How we test, and what the mark means.
Every verdict comes out of the same process: a fixed battery of tasks for the category, graded against a written rubric, marked in stars, and re-run as the tools change.
We do not rate on impressions, and we do not run vendor demos. Each tool faces the same set of tasks — built to isolate one quality at a time — and the results are scored against a rubric we keep fixed across the category. We weigh what a tool gets wrong as heavily as what it gets right, and we publish the test plan on every ranking so a reader can see how the mark was earned.
A single number hides too much to stand alone, so every ranking lists its exact tests in a "How we tested" section, and every product reports how it rated on each criterion. The criteria below are the spine of that process; the specific tasks differ by category, because testing an image generator is not the same as testing a coding assistant.
What we evaluate
Each tool runs the same fixed battery of tasks for its category — the same prompts, briefs, or codebases — and two reviewers grade every result against a written rubric without seeing which tool produced it, so a brand name never moves the mark.
We repeat the hardest tasks across many runs and record how often a tool returns a correct, usable result without intervention. A tool that nails one demo but drifts on the tenth attempt is marked down for it.
We measure how precisely a tool can be directed and revised — placing or editing one element, constraining a format, or correcting a single region — counting the attempts it takes to reach an acceptable result.
We read the published terms and confirm them against the maker’s documentation: how the model was trained, what commercial rights and indemnification the paid plan grants, and how the tool handles unsafe or restricted requests.
We price a month of real, observed usage at the tier we tested, then divide by the number of results we judged usable — so a cheap tool that needs five retries is not allowed to look like a bargain.
Because these products change often, we re-run the battery on each meaningful update and date every verdict. A recommendation can be withdrawn when a rival ships or a tool regresses, and we say what changed.
How we rate
Each criterion is marked on a five-star scale, in half-star steps ( ), a filled star for a criterion a tool handles well, a half star for a partial result, and an empty star where it fails. The marks are weighted toward what matters most for the category and resolved into an overall star rating to the nearest half. Because every product is rated on every criterion, a reader can see exactly where one earned its standing and where it lost it.
We recommend products rated four stars and above. A product whose overall rating reaches four stars carries the solid Recommended stamp; anything below it is marked Not Recommended. The stamp is the verdict — the plain call on whether to use the tool — and it sits beside the star rating, not in place of it.
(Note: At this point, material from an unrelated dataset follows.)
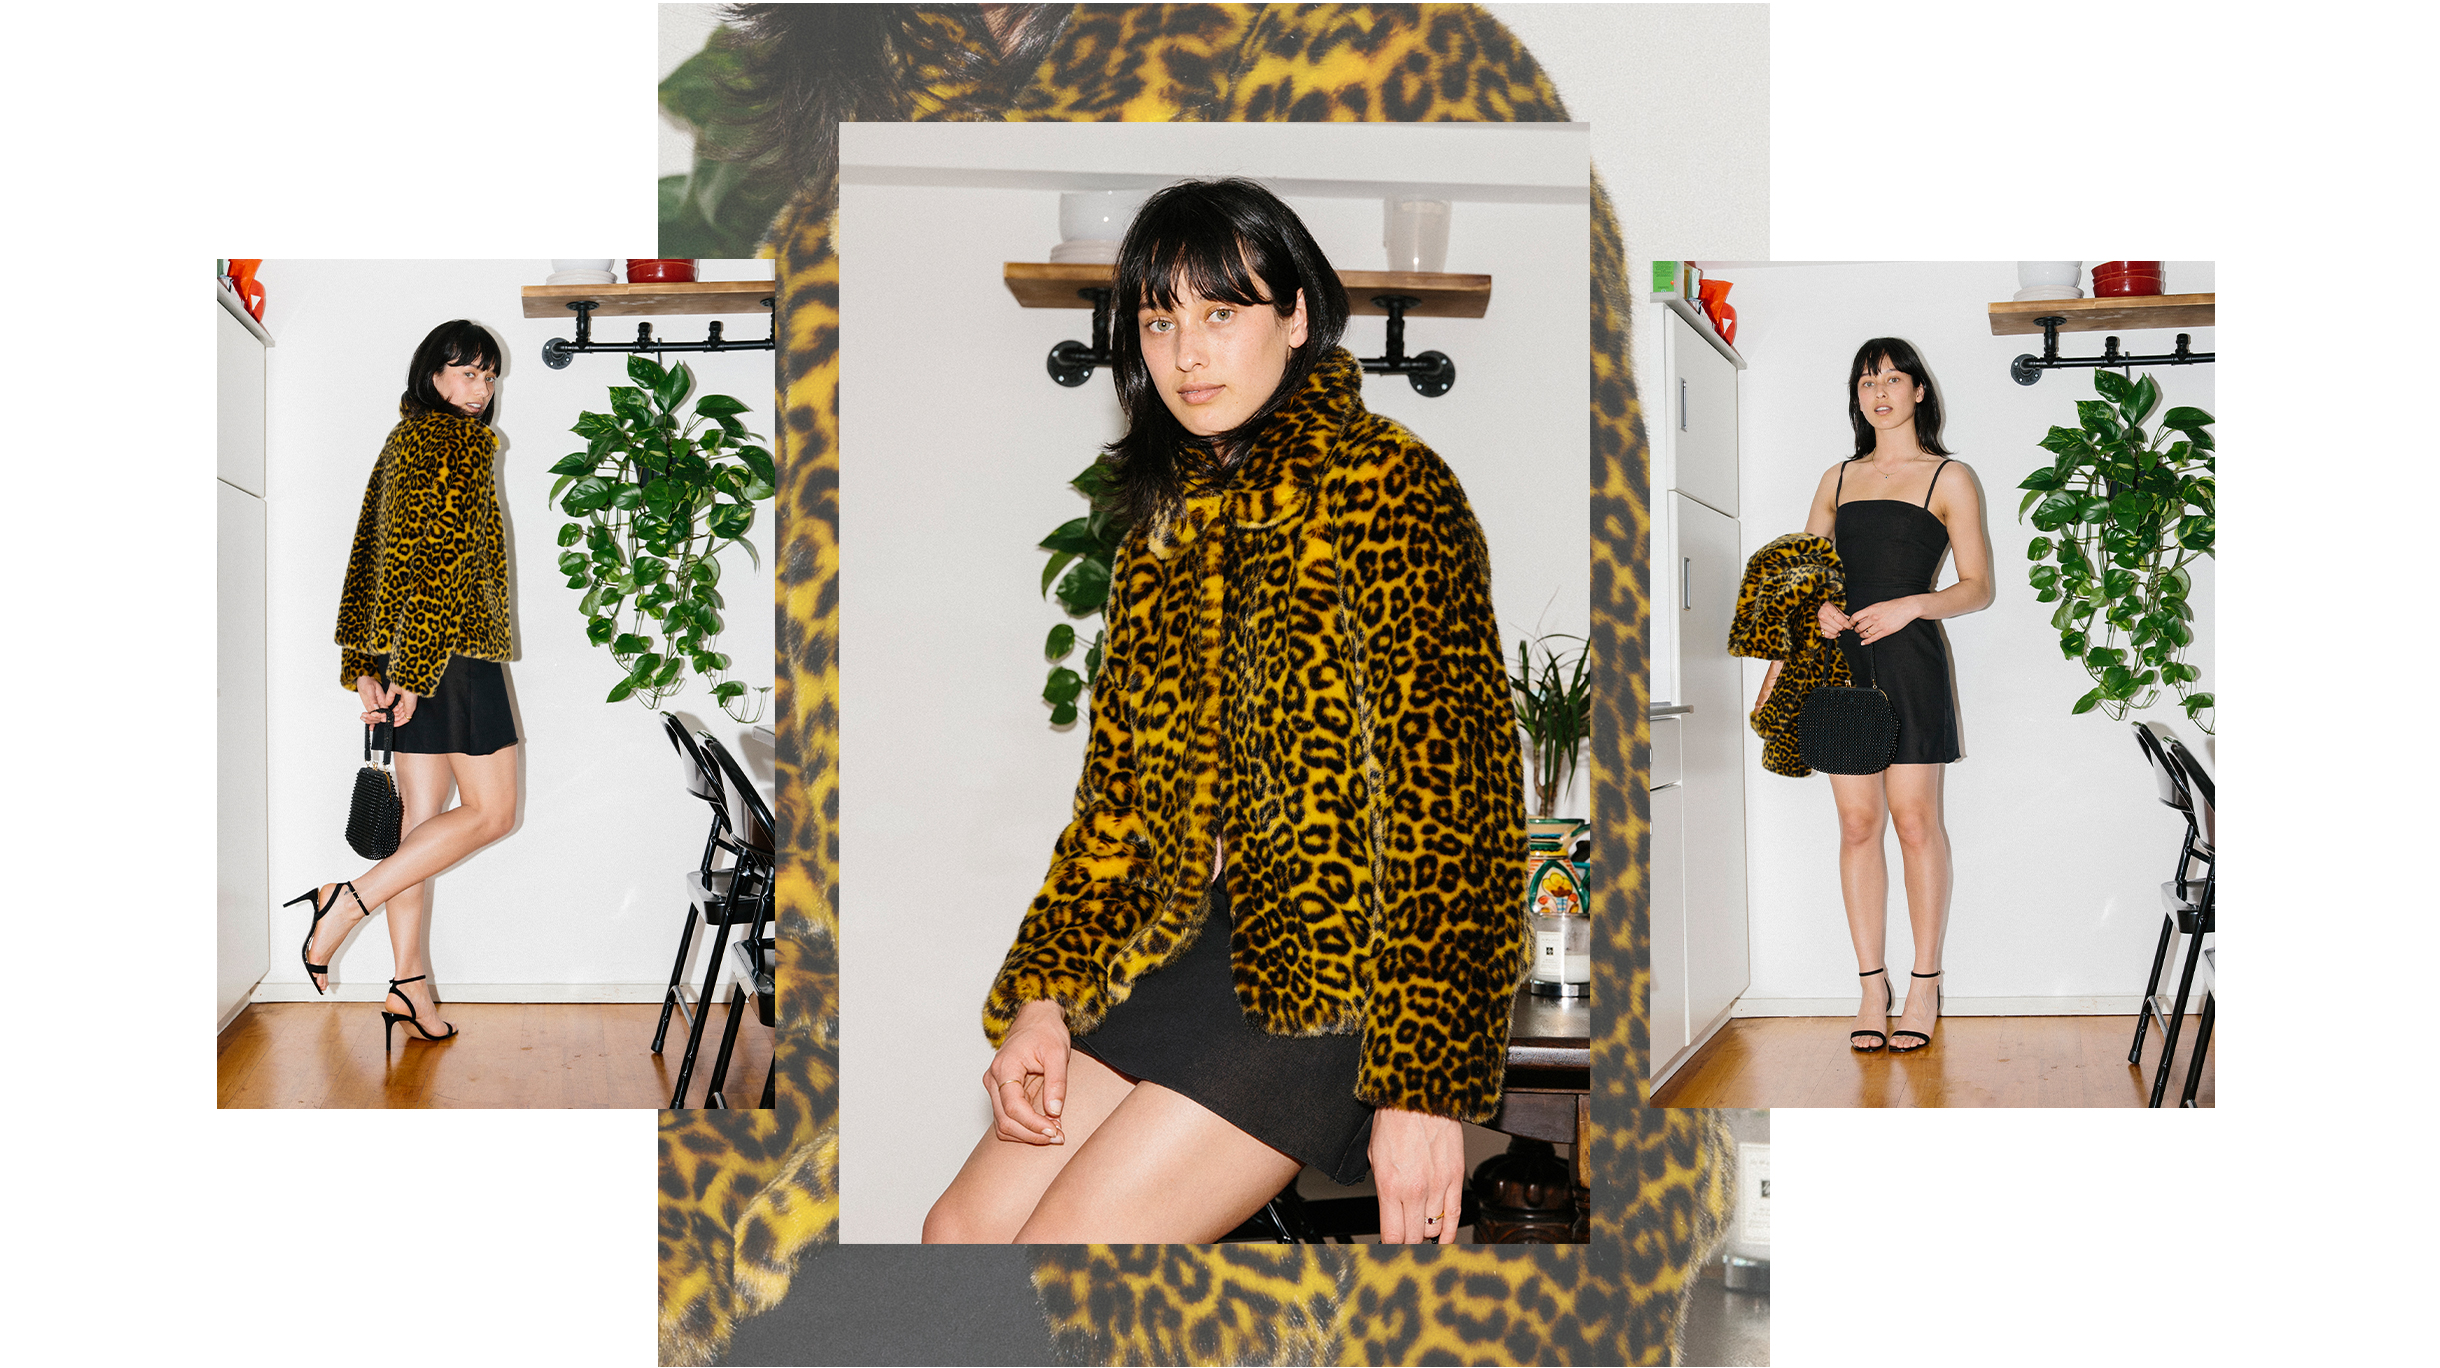 Lydia Graham style: wearing a leopard print jacket and black dress

Nothing here is final. AI products ship meaningful changes often, so every verdict is dated and re-run on each major release. A recommendation can be withdrawn when a rival catches up or a tool regresses, and when that happens we update the ranking and state what changed.
Independence
We take no sponsorships and no payment for placement. A product cannot buy its way onto a ranking, buy a higher position, or buy a better mark. Our verdicts reflect our testing and nothing else.
Margaret Ashworth leads testing of image and video generators and the design tools built on top of them. She grades on prompt fidelity, artifact rates, licensing clarity, and the cost of an acceptable final frame.
Theodore Pruitt evaluates general assistants, reasoning models, and coding tools against fixed task batteries. He weighs accuracy and refusal behavior over benchmark scores, and reports what a tool gets wrong before what it gets right.
Constance Whitfield covers search, productivity suites, and knowledge and data tools. Her tests favor citations a reader can verify, exportable output, and pricing that holds up past the free tier.
Lionel Sackville designs the scoring rubric the Testing Desk uses and runs voice, audio, and cross-category tests. He is responsible for keeping the criteria comparable from one verdict to the next.